TLA+ and PHP 01

What is TLA+?

In my personal understanding of it: a specification language that helps me explore fallacies in my PHP software architecture and test that architecture under the pressure of concurring threads. To better explain what TLA+ is, one should refer to the site of Leslie Lamport, the mind behind TLA+.
I’ve found Hillel Wayne’s site and book to be the best way for me to learn the basics.

The pitch for this latest exploration of mine was Wayne’s video “Tackling Concurrency Bugs with TLA+": it struck a chord. The concurrency part especially. Then I found out there was testing involved and could not let go of the thought.

What am I using TLA+ for?

Given enough hot metal under it, TLA+ could really be used to model any concurring process my mind could think of, from high-level distributed systems to low-level algorithms.
Yet I hate answers that sound like a variation of the “it depends on your situation and context”, and I will avoid that by providing the particular context I’m applying TLA+ to.
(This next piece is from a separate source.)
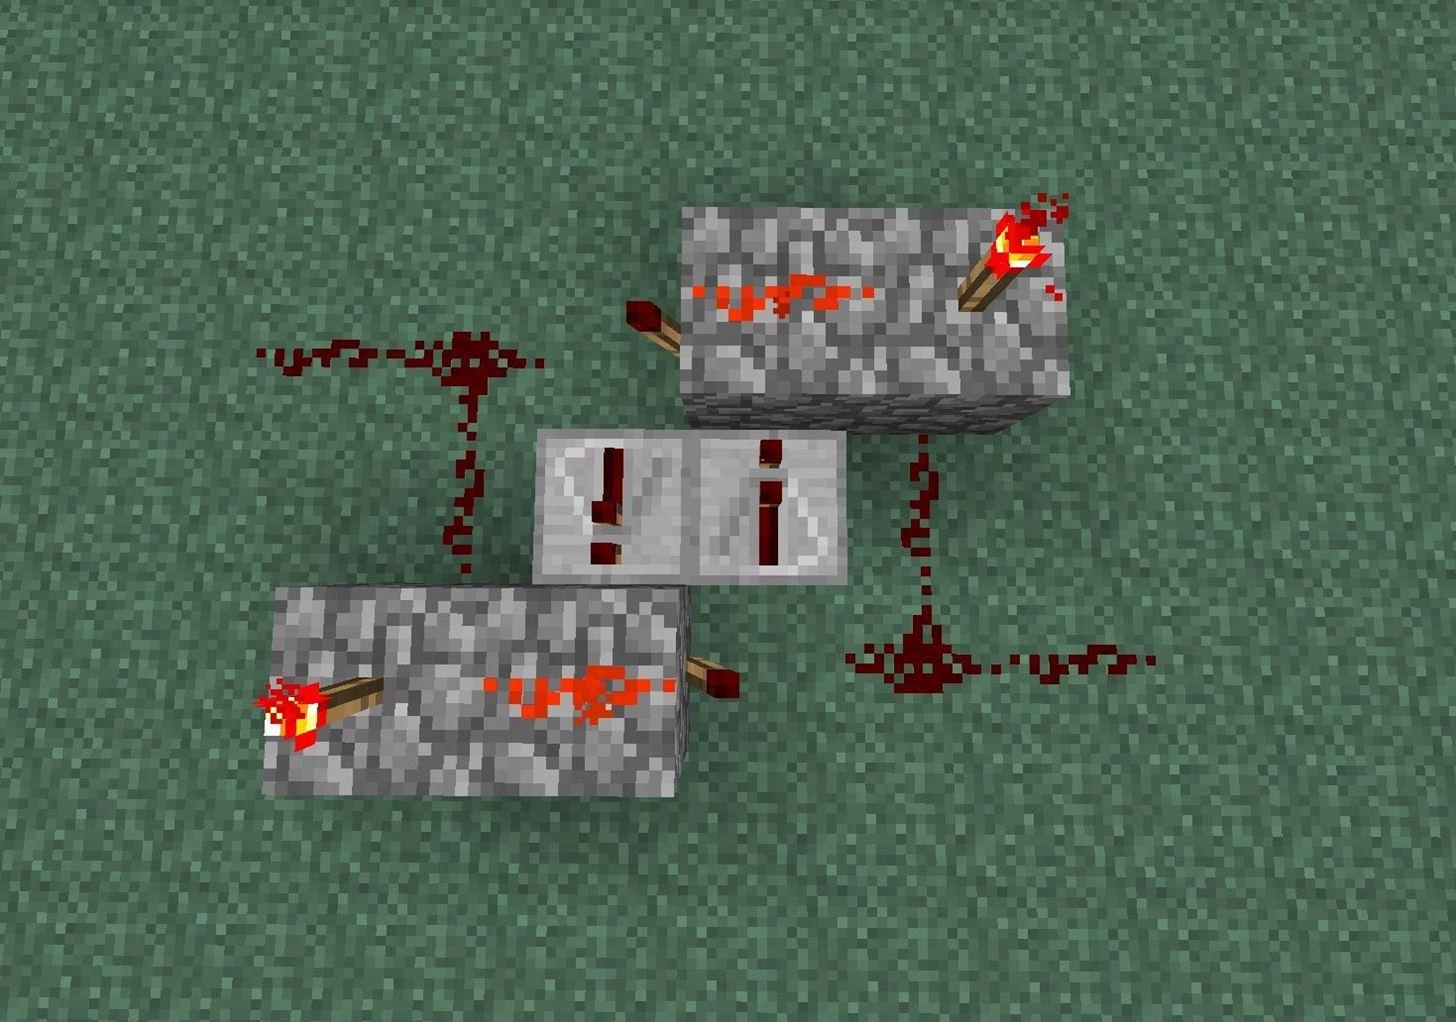 Basic Redstone Circuits 2 Basic Redstone Circuits 2 Diamonds
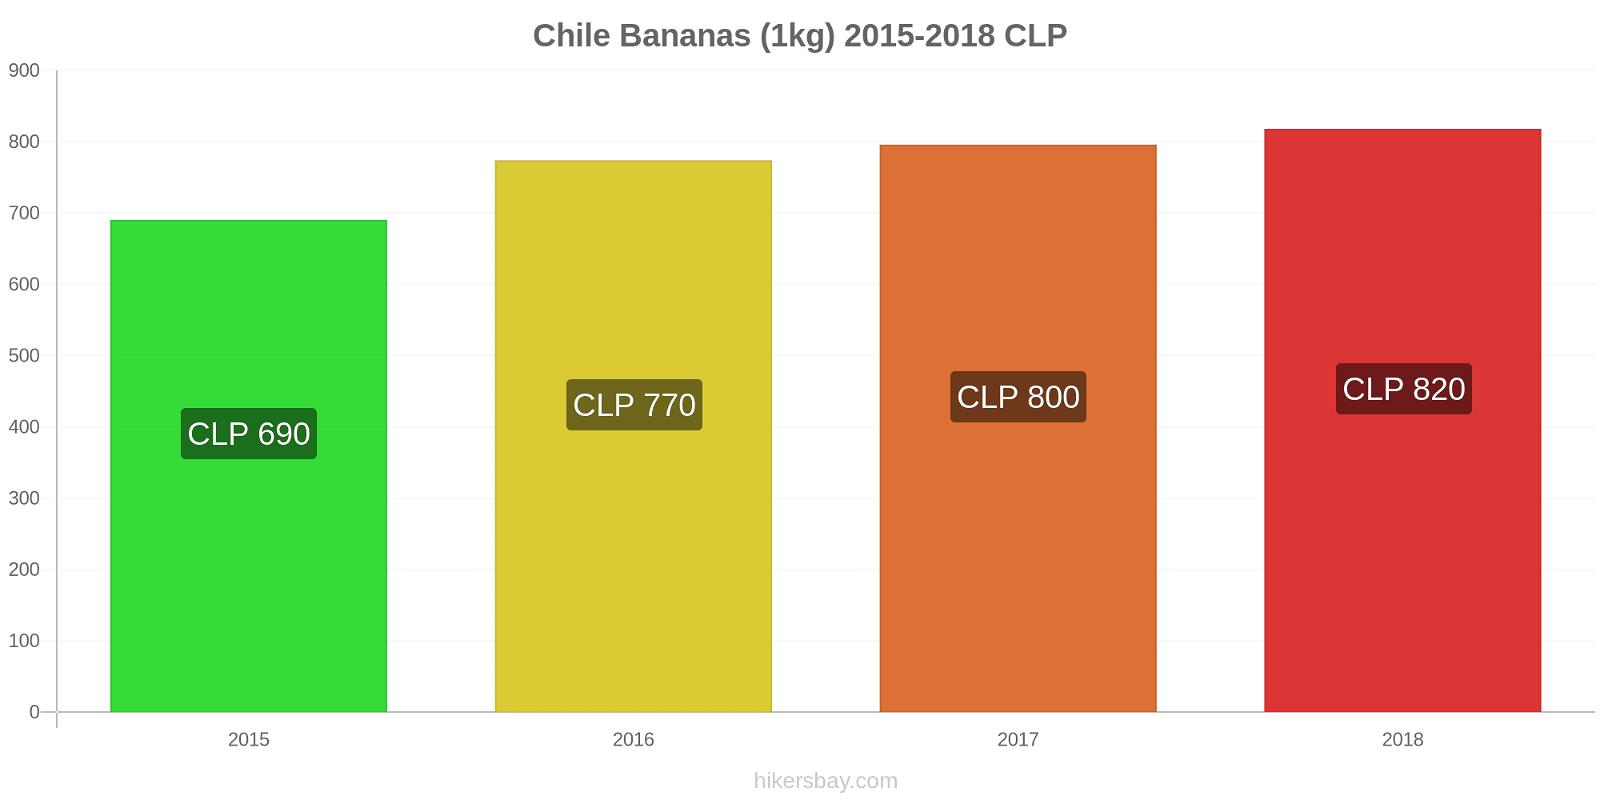 Chile price changes Bananas (1kg) hikersbay.com

I’m using TLA+ to model parts of a process-based PHP testing framework I’m writing.
I’m still pretty foggy about how this testing framework will fit in the grand scheme of things, but I’ve spent some time working with Jest and found it to be really delightful.
I’m writing something from scratch and, without the pressure of having to ship a product, I can take my time to do it right and in a way that satisfies me.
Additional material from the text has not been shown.